▶ **INSTRUCTIONS TO FOLLOW**: Skip every image and restate the data word for word.

▶ **SUPPLIED MATERIAL**:
·····

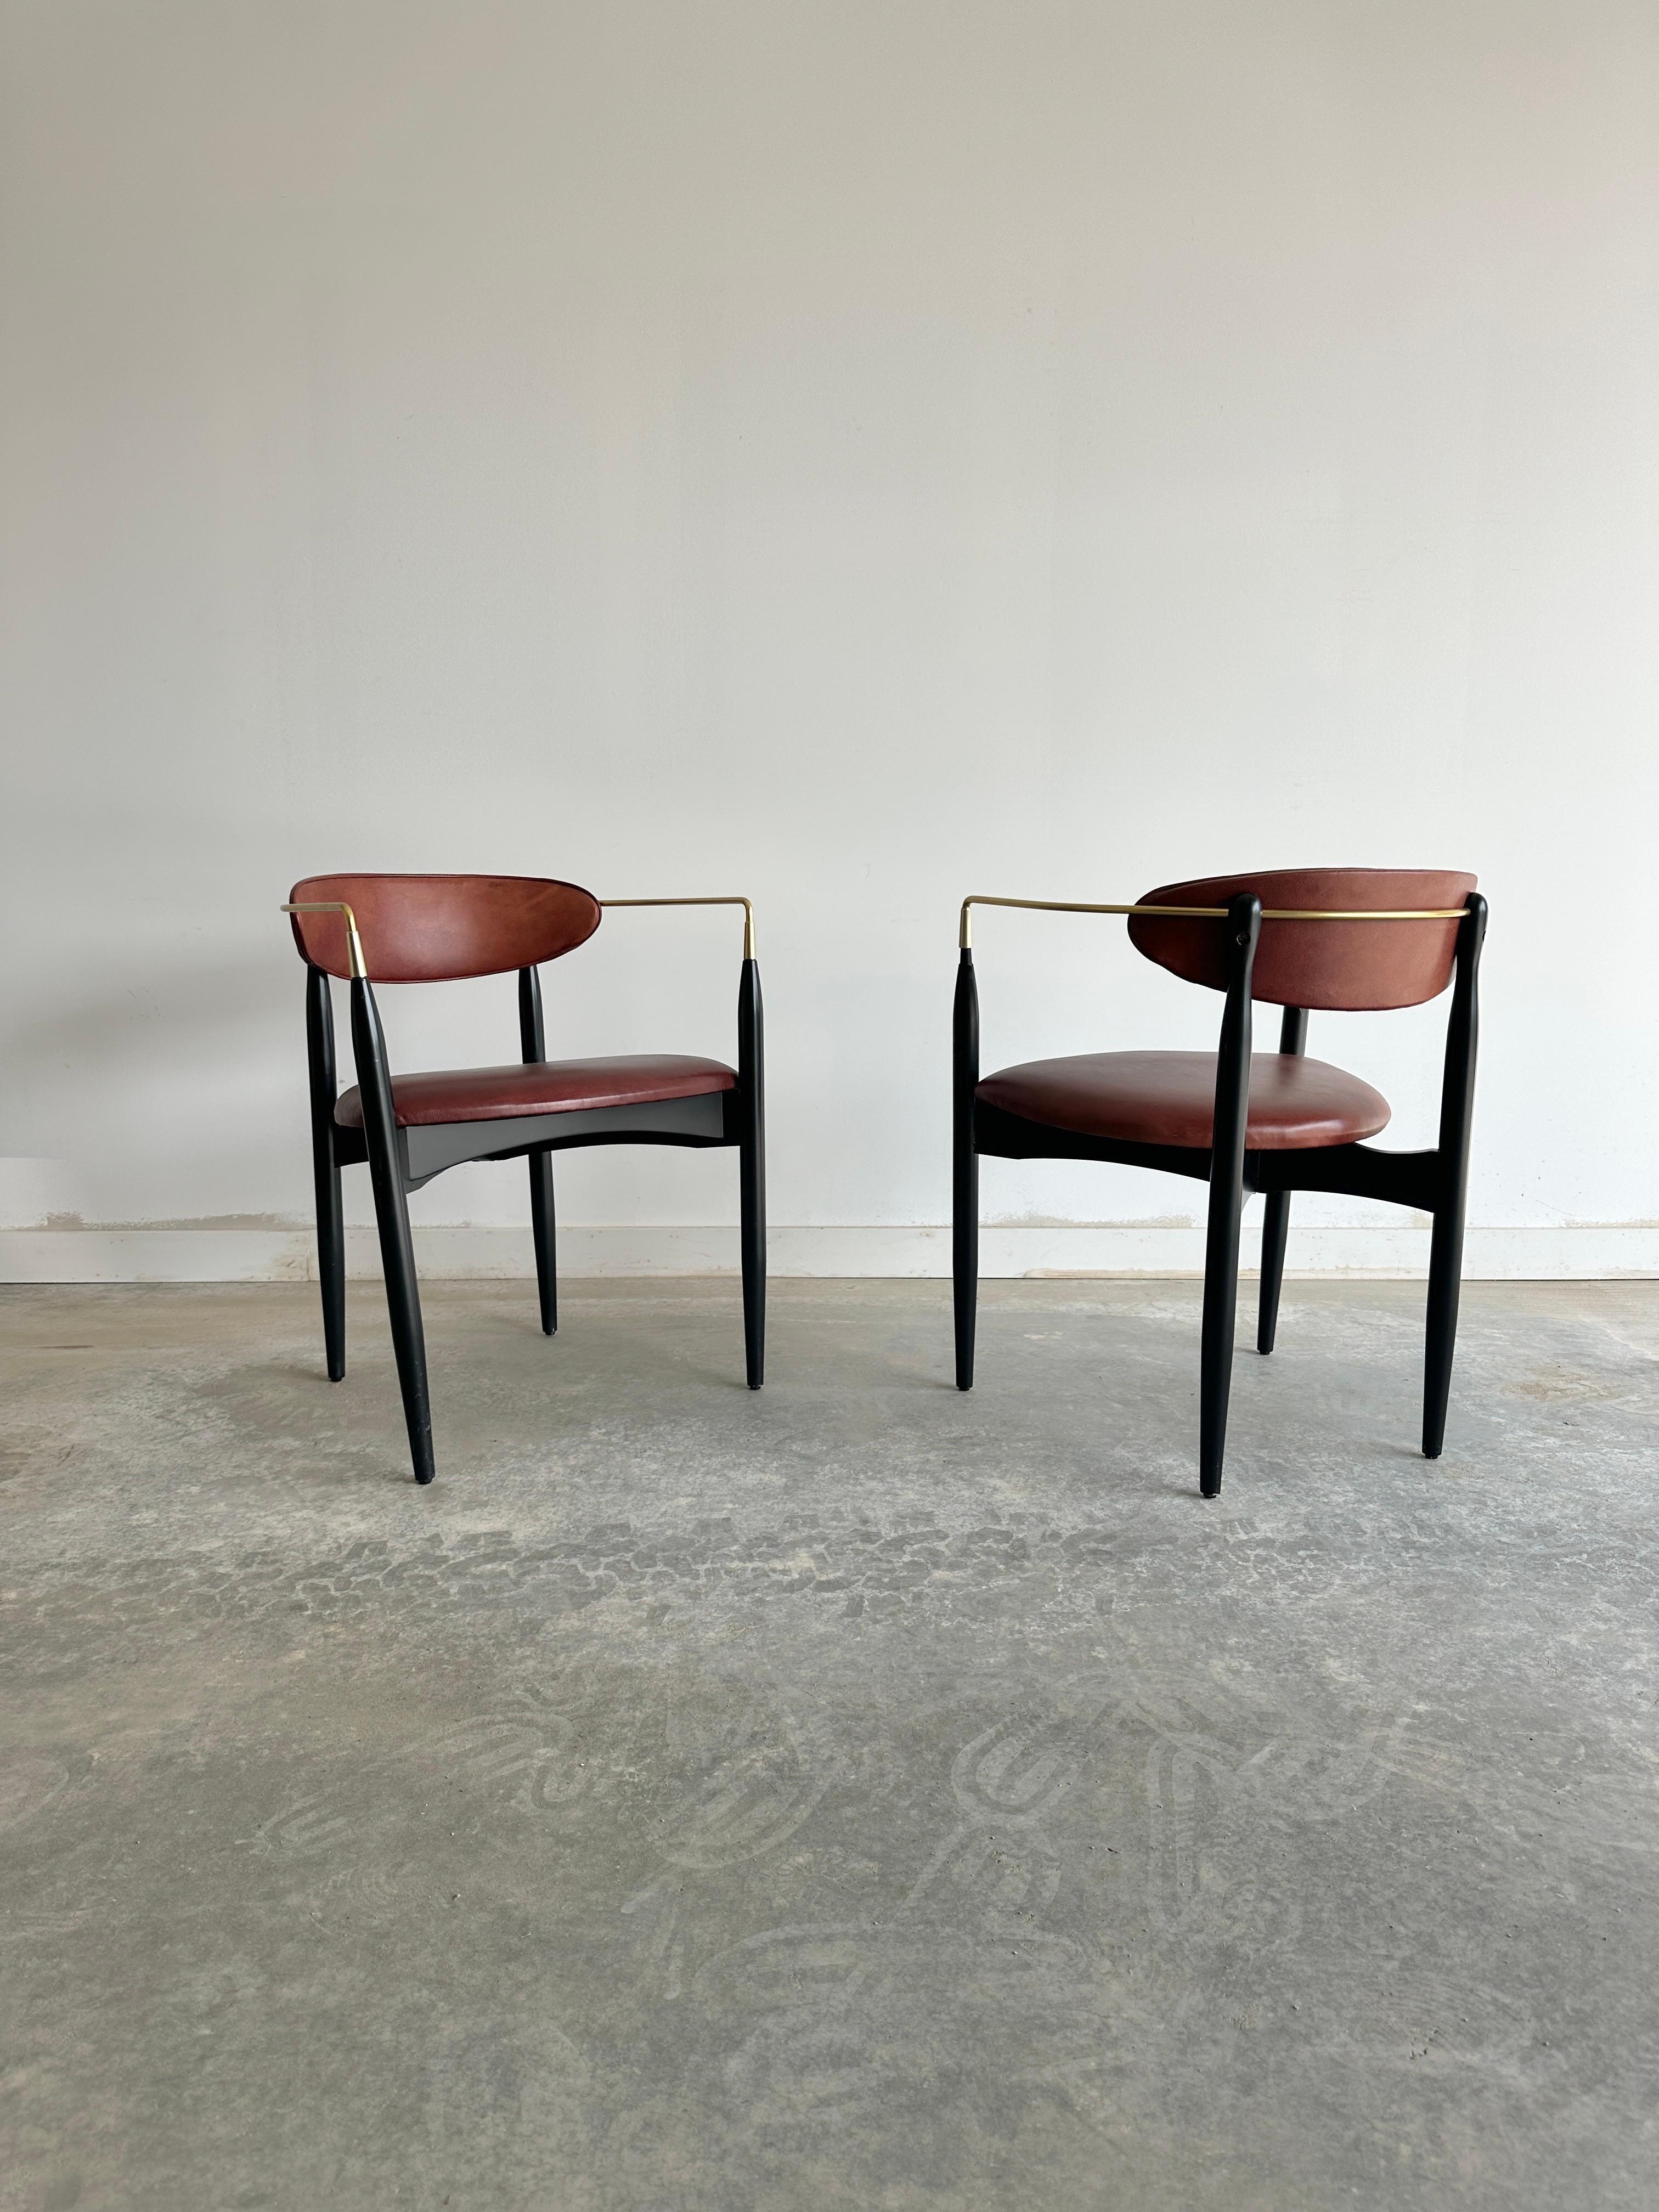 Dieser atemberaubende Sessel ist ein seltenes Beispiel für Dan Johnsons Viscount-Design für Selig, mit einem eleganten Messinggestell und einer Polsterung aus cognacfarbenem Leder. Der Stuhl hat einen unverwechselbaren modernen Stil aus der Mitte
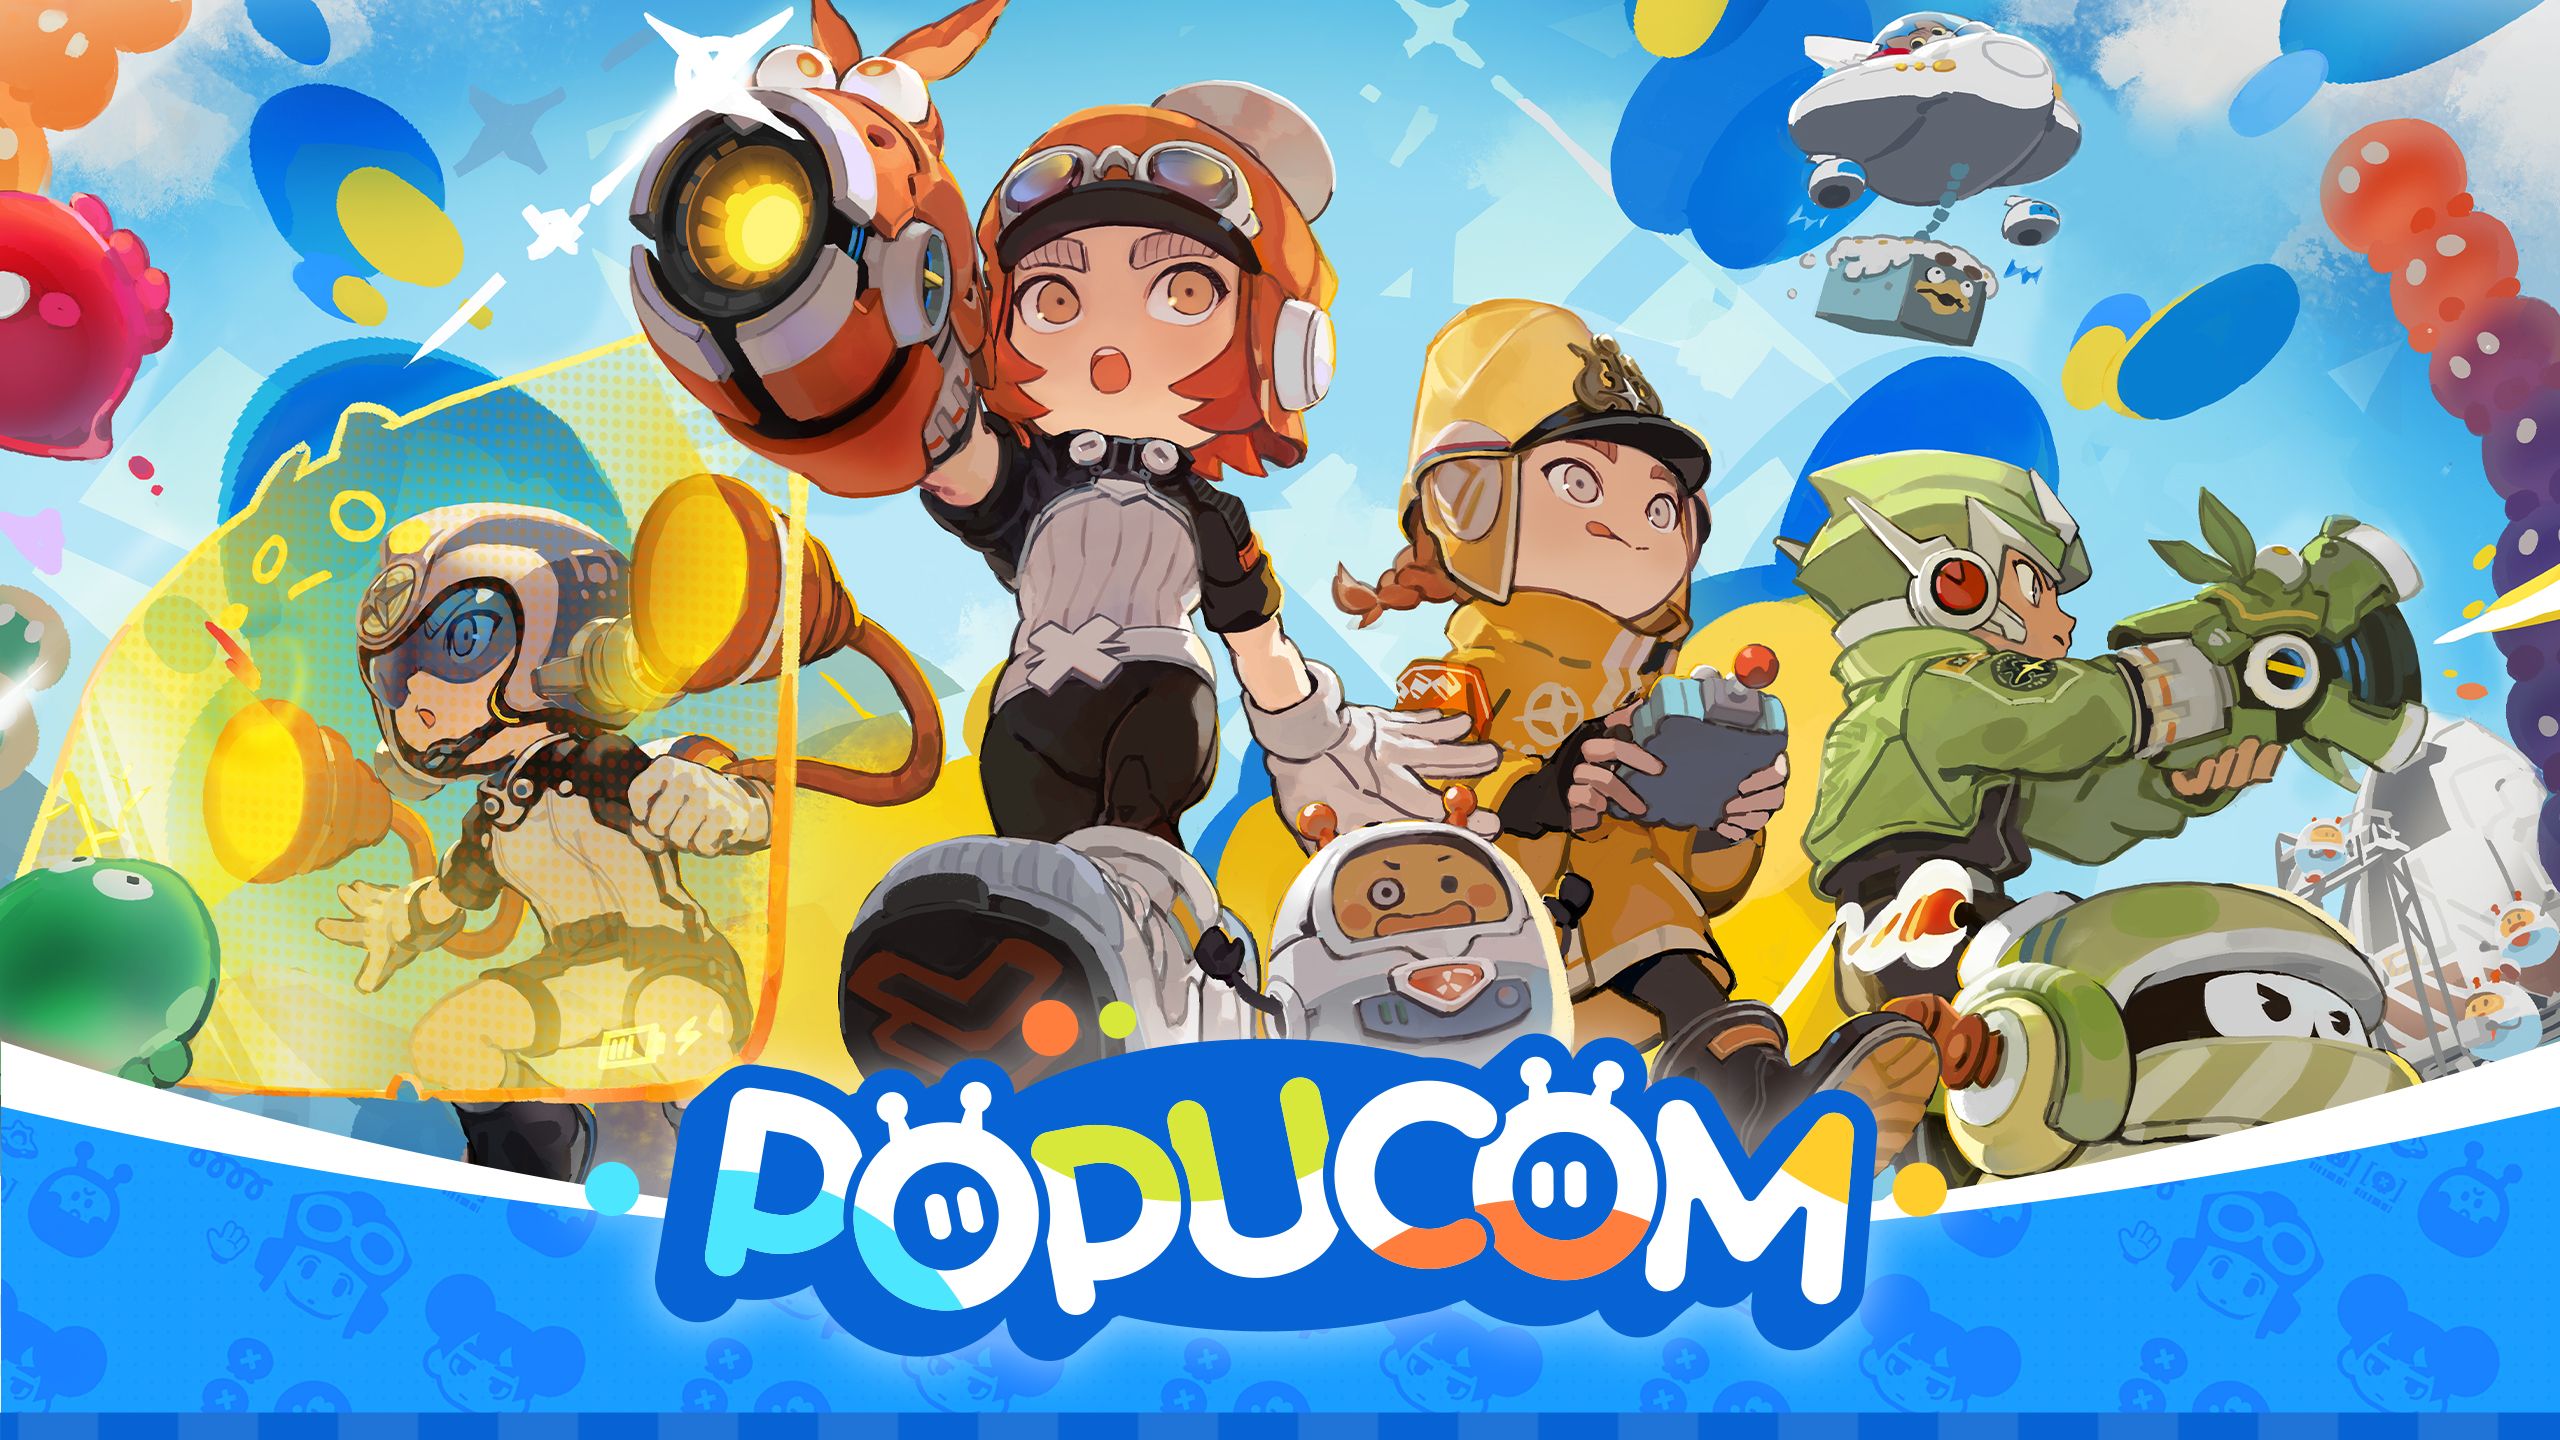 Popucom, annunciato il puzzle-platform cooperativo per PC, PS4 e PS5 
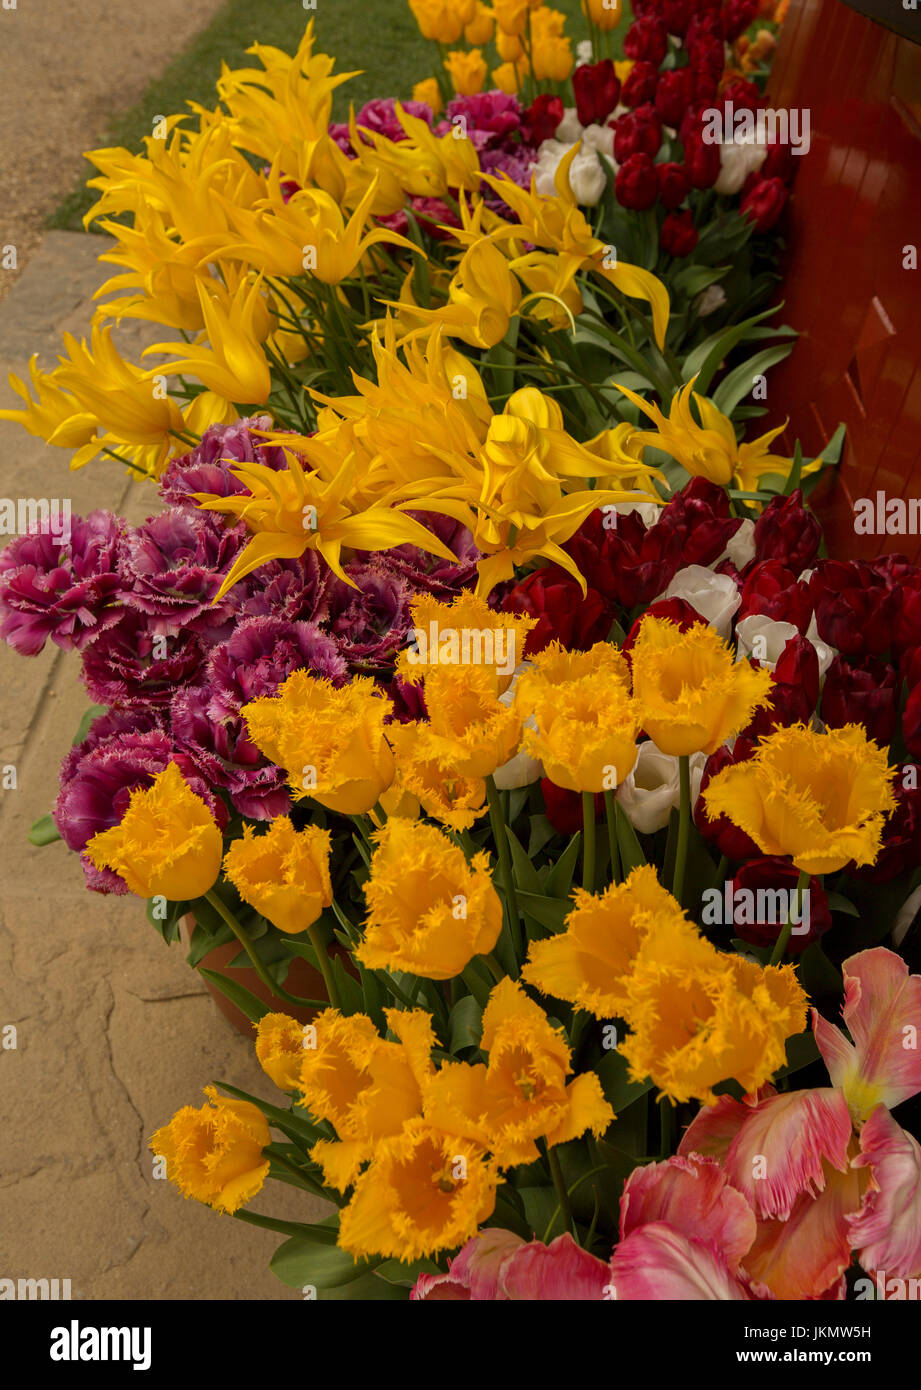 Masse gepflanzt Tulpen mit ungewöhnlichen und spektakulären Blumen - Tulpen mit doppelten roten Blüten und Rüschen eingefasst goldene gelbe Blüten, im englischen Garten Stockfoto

·····

▶ **SOLUTION TO THE EXERCISE**:
 Dieser atemberaubende Sessel ist ein seltenes Beispiel für Dan Johnsons Viscount-Design für Selig, mit einem eleganten Messinggestell und einer Polsterung aus cognacfarbenem Leder. Der Stuhl hat einen unverwechselbaren modernen Stil aus der Mitte
 Popucom, annunciato il puzzle-platform cooperativo per PC, PS4 e PS5 
 Masse gepflanzt Tulpen mit ungewöhnlichen und spektakulären Blumen - Tulpen mit doppelten roten Blüten und Rüschen eingefasst goldene gelbe Blüten, im englischen Garten Stockfoto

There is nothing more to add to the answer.